A Fully Effective Board
For boards to be truly effective, board members must possess skills relevant to both formal principles-based responsibilities and informal culture-based responsibilities.
Board Responsibilities
A board, as a governing body, has certain responsibilities defined by law, industry rules and regulations, and institutional policy (e.g., bylaws). These responsibilities commonly include:
Ensuring the effectiveness of governance
Facilitating the exercise of members' rights and equitable treatment
Ensuring the appropriate utilization of member capital
Ensuring stakeholder “participation” in governance
Ensuring effective disclosure and transparency
Engaging in strategic guidance, monitoring, and accountability.
With regard to the last bullet point, there are common tasks and activities that align with board responsibilities, including:
Strategic planning
Evaluating board and CEO effectiveness
Managing CEO compensation/oversight
Establishing and maintaining board procedures
Reading and understanding board information
Establishing and maintaining organizational policies
... among others.
The responsibilities and tasks above have been adapted from the Organisation for Economic Cooperation and Development's Principles for Effective Government, which are seen as "best practice" governance principles applicable to government and corporate entities alike.
Credit unions looking to develop an effective board would be wise to align its governance framework and board member competencies to these kinds of principles. However, boards should not stop there when developing an informed framework. Why? Because beyond the responsibilities aligned with best practice governance principles, boards also have responsibilities related to board culture.

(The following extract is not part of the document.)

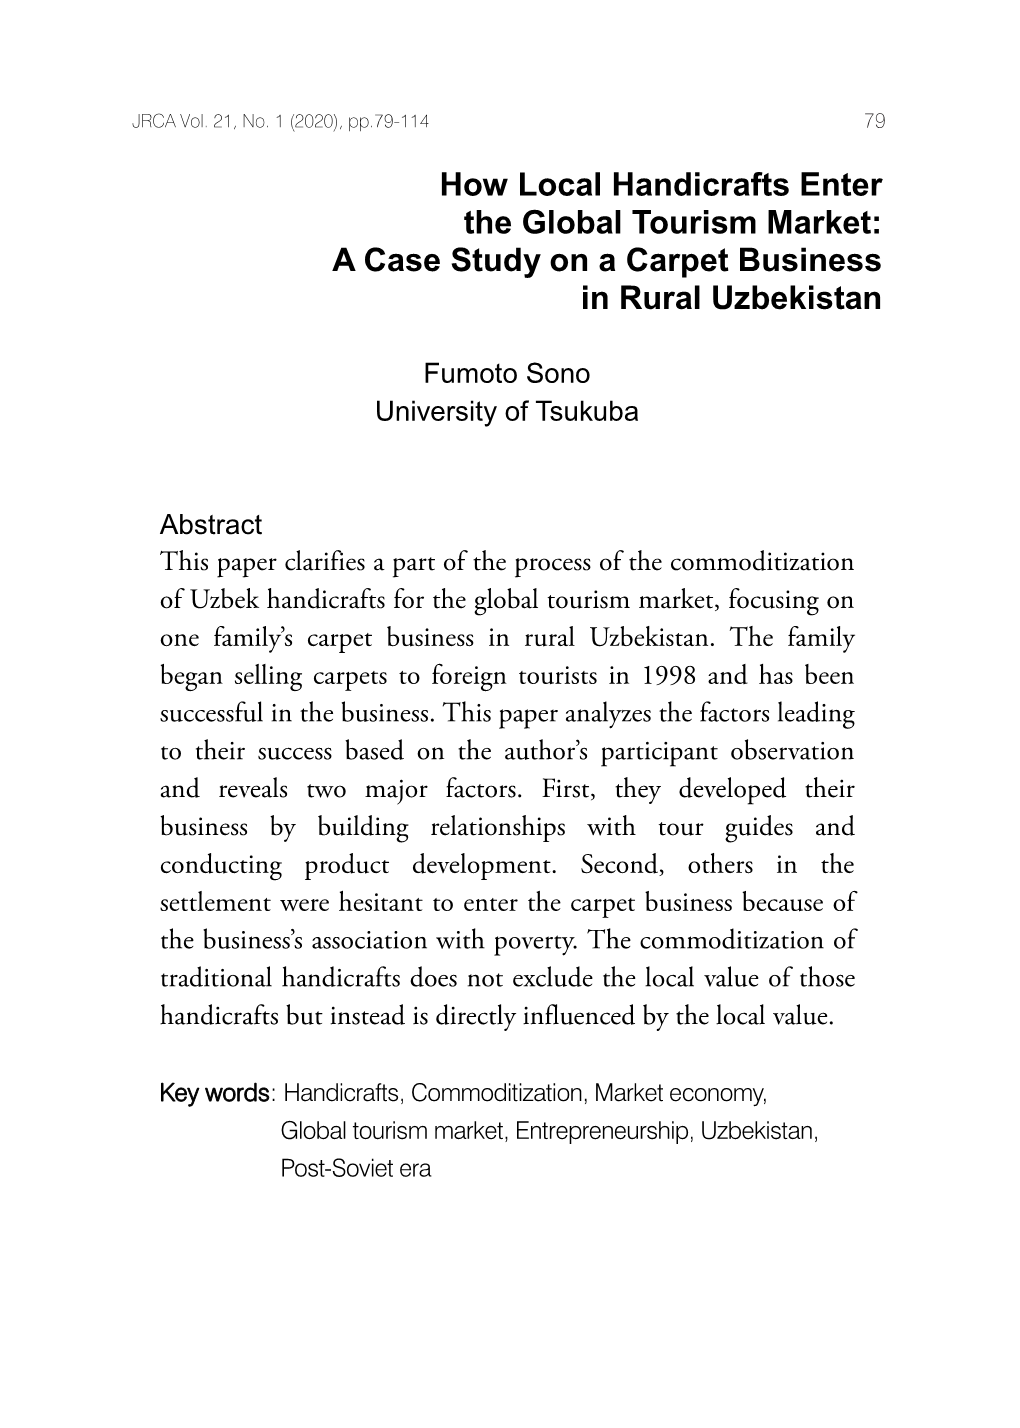 How Local Handicrafts Enter the Global Tourism Market: a Case Study on a Carpet Business in Rural Uzbekistan

The Challenge of Unique Culture
Culture evolves over many years, and is often based on observed behavioral traditions – a circumstance that ultimately results in a responsibility context unique to the institution, and is too often undocumented in any way. While cultural influences on governance should be unique, they should not remain undocumented.
As board culture is unique to individual board; there is no common list of culture-based responsibilities that boards can draw from to create cultural documentation. Boards must discover their own cultural governance construct, and then document accordingly, to include documenting the kinds of skills board members should possess in order to work well in the culture.
A Fully Effective Board
A fully effective board is composed of board members who possess the skills that allow them fulfill both principle-based and cultural-based responsibilities. To that end, have your board embark on an effort of cultural exploration. Work together to uncover the traditions that bind board member engagement and interaction. No doubt you will find that to work well in the culture requires a set of specific, unique skills.
And here is the benefit of your exploration. Once those cultural skill requirements are documented and affirmed, board members can work to further develop both principles-based skills and cultural skills – a path to a fully effective board. But the bigger payoff is the ability to develop prospective, future board members, arming them with the skills they'll need maintain your distinguishing culture.